Little wonder then that Nikki Savva, conservative commentator and Peter Costello's chief of staff when he was treasurer, put it thus on the ABC's Insiders yesterday: The budget was a political document, it was not an economic document.

Aside from the absolute stupidity of accusing new mothers of rorting and fraud when they were doing no more or perhaps less than the Assistant Treasurer and Finance Minister had done, one way or another, the politics clearly worked.

That was mainly because the tabloid media and some who should know better swallowed the "Tony's Tradies" line about the small-business tax cut and cash splash that would pump prime the economy.
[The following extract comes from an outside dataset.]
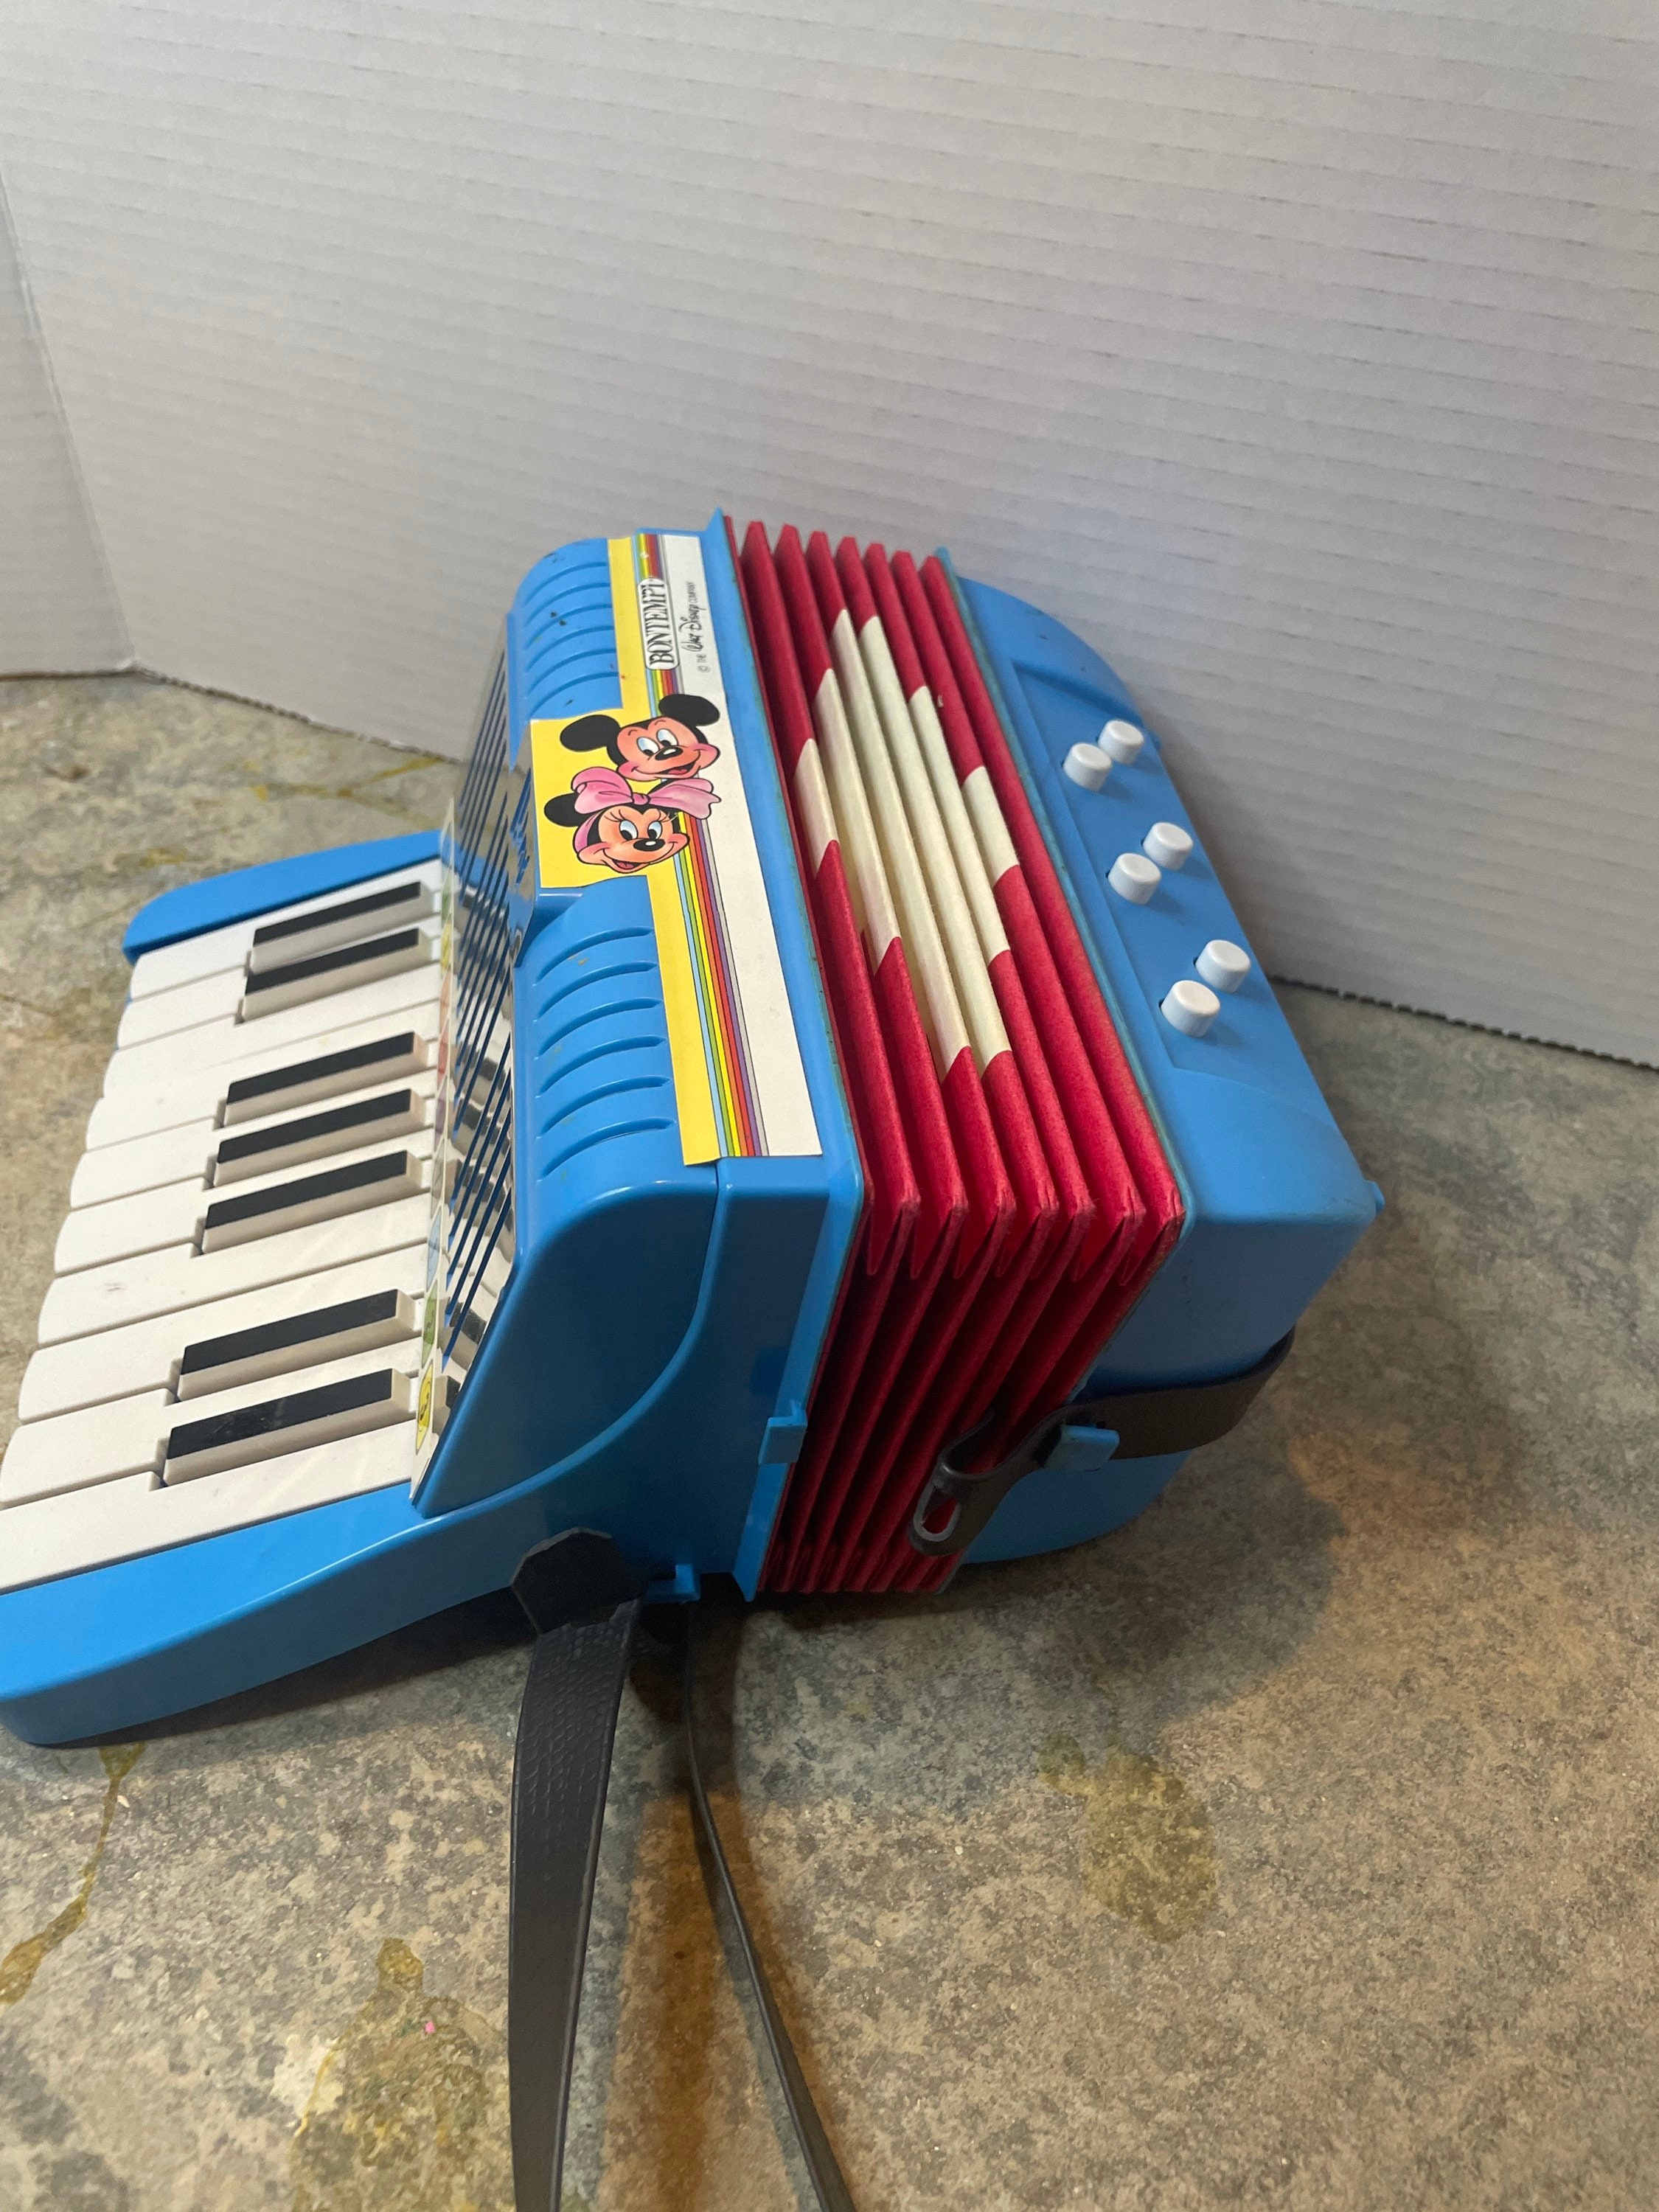 Disney Toy Accordion From the 80s

Well, maybe, but probably not a lot. Ross Gittins has already nailed the budget lock-up media circus and put the small-business impact in perspective.

Two big myths

How the politics of it work, though, is largely thanks to two popular myths  – small business drives the economy and small business is doing it tough.

The reality is that small business is important, but no more so than medium or big business. Small business is just part of what drives the economy. It's arguable that it's more along for the ride than providing the bulk horsepower.

Secondly, some small businesses are, of course, doing it tough, they always are as the Darwinian nature of capitalism has its way, but by no means is small business per se in trouble.

Start-ups mostly are by the very nature of start-ups and most fail.